## The problem
Transcribe only what runs from the line containing "The 3D design" through the end of the listing, line for line and exactly, and omit the pictures.

## Data block
--*--
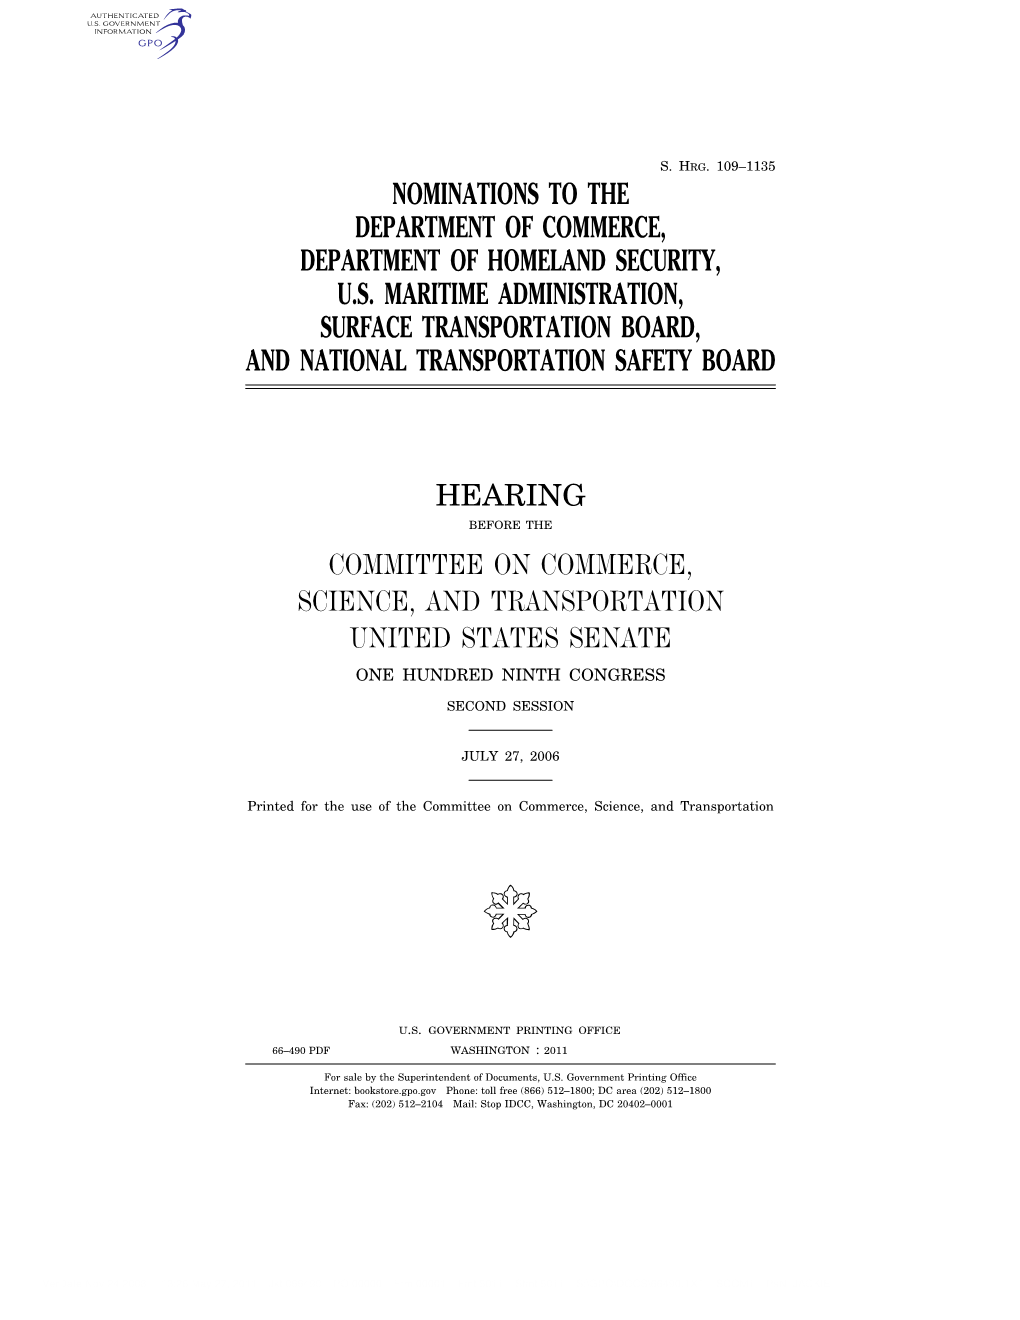 Nominations to the Department of Commerce, Department of Homeland Security, U.S
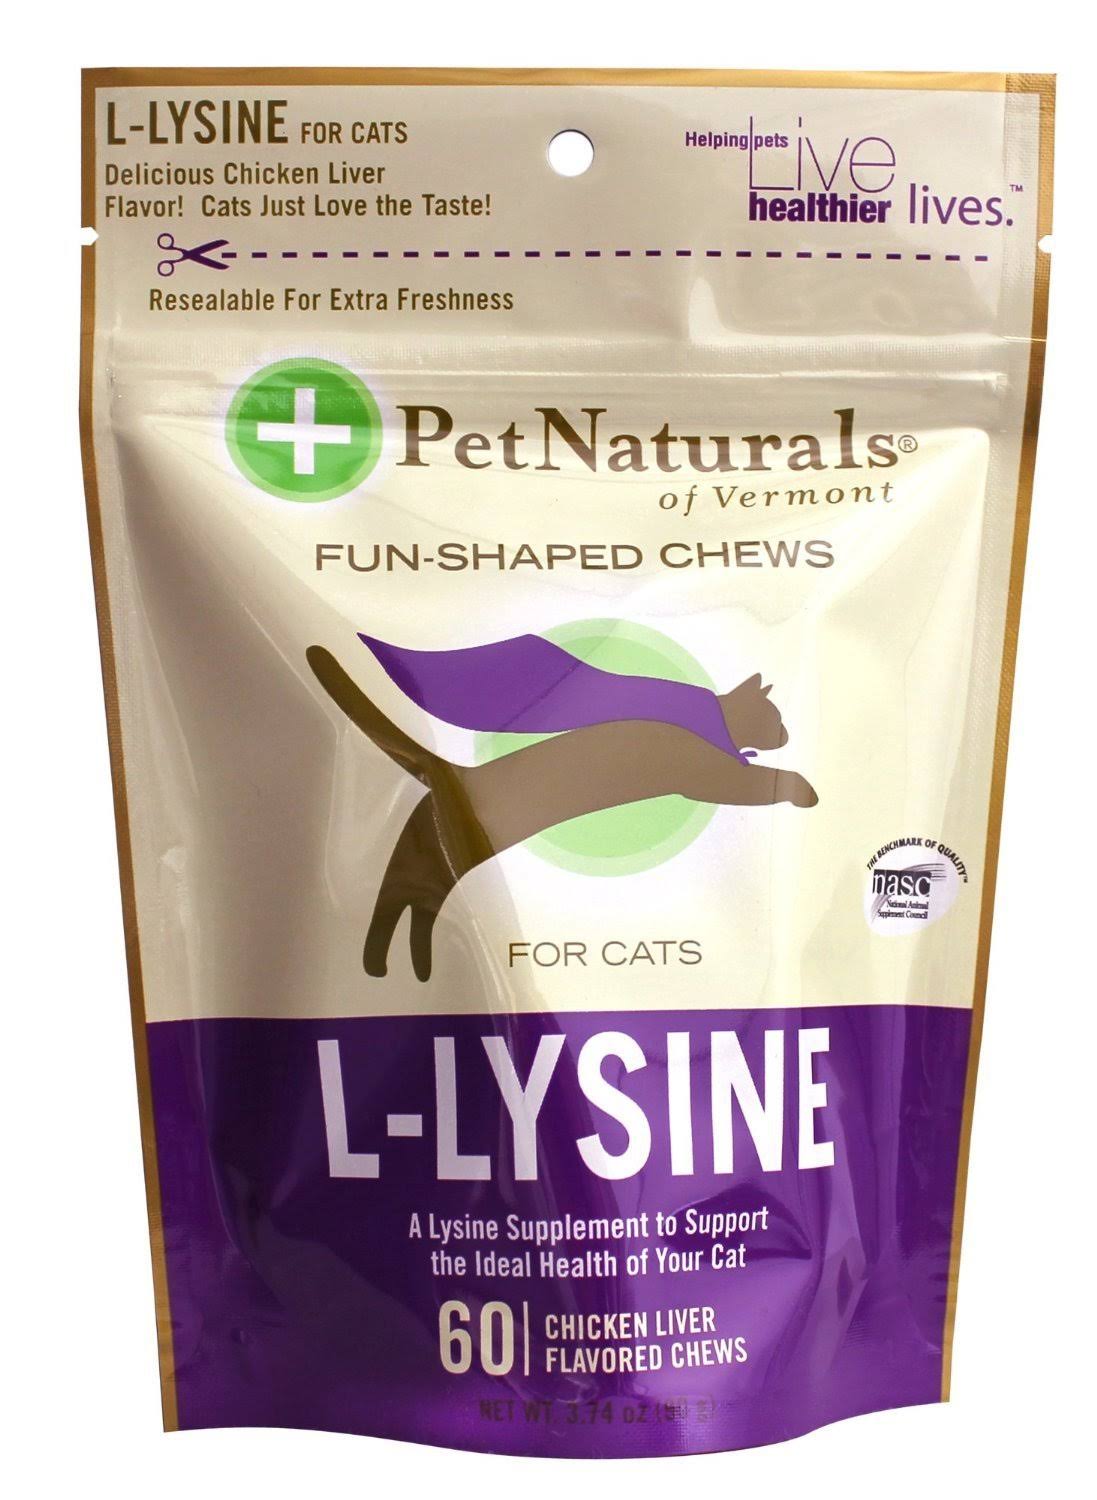 Pet Naturals of Vermont L-Lysine for Cats - Chicken Liver, 60 Fun-Shaped Chews
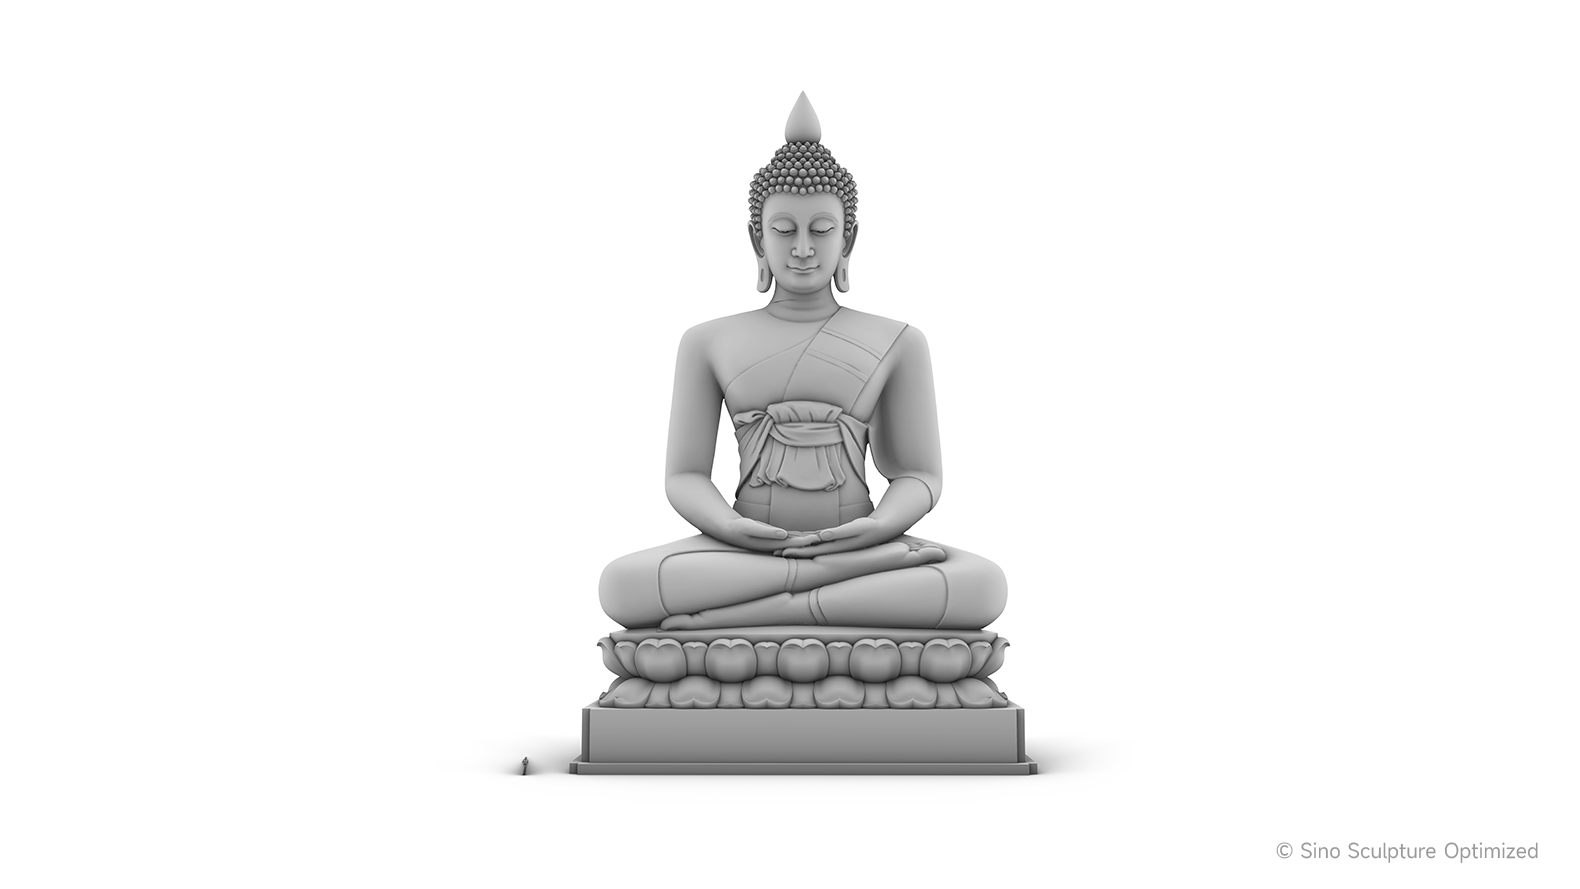 The 3D design of the large bronze Buddha statue
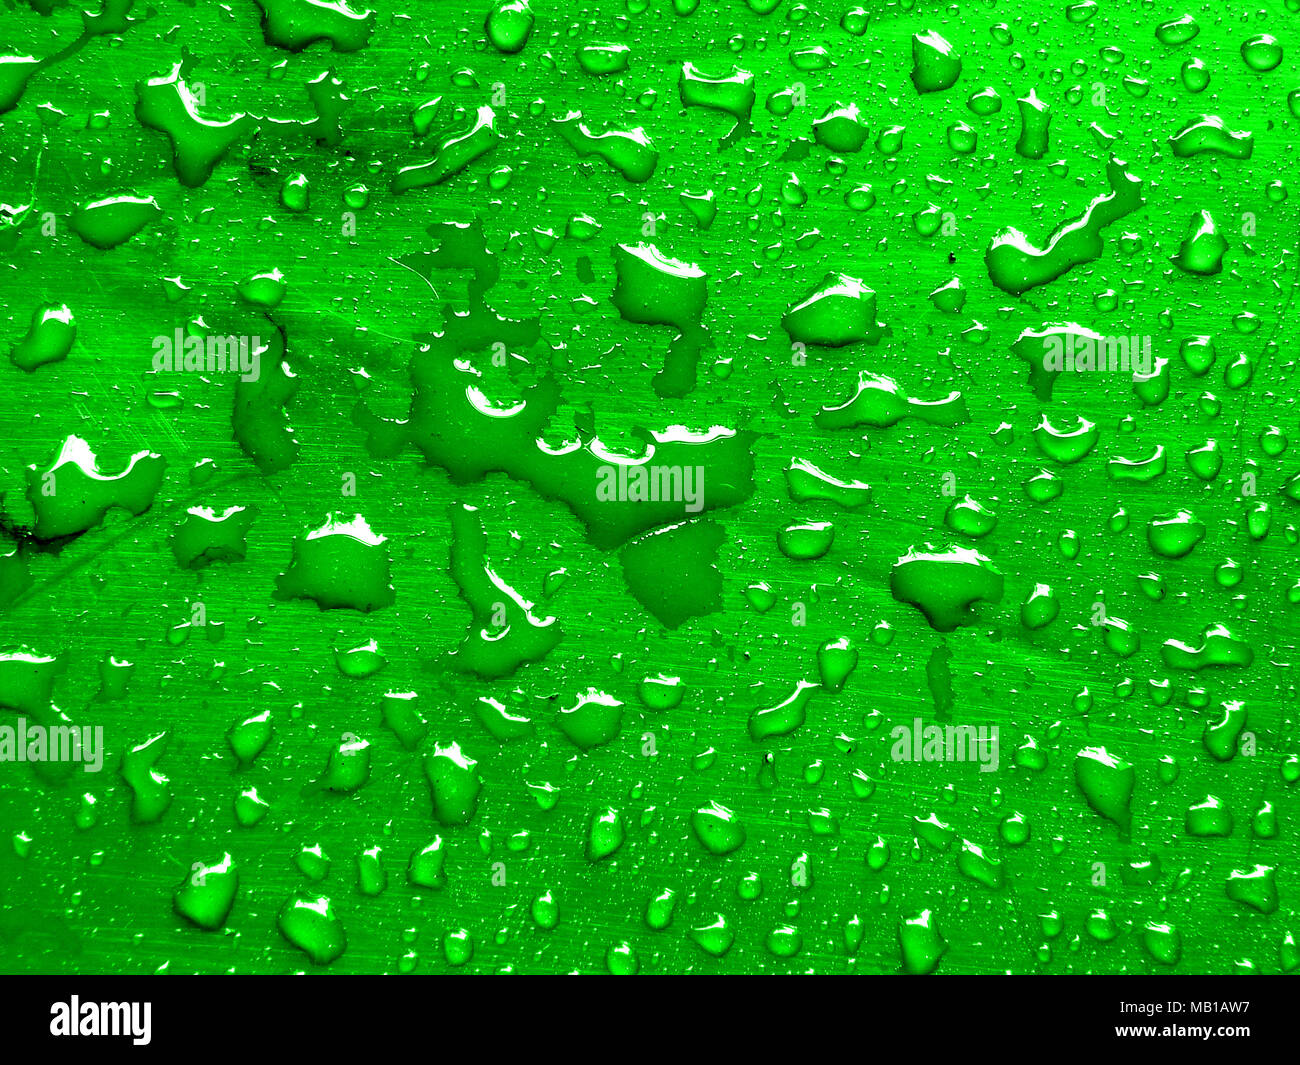 water drops on lime green metallic surface Stock Photo
--*--
## Expected answer
 The 3D design of the large bronze Buddha statue
 water drops on lime green metallic surface Stock Photo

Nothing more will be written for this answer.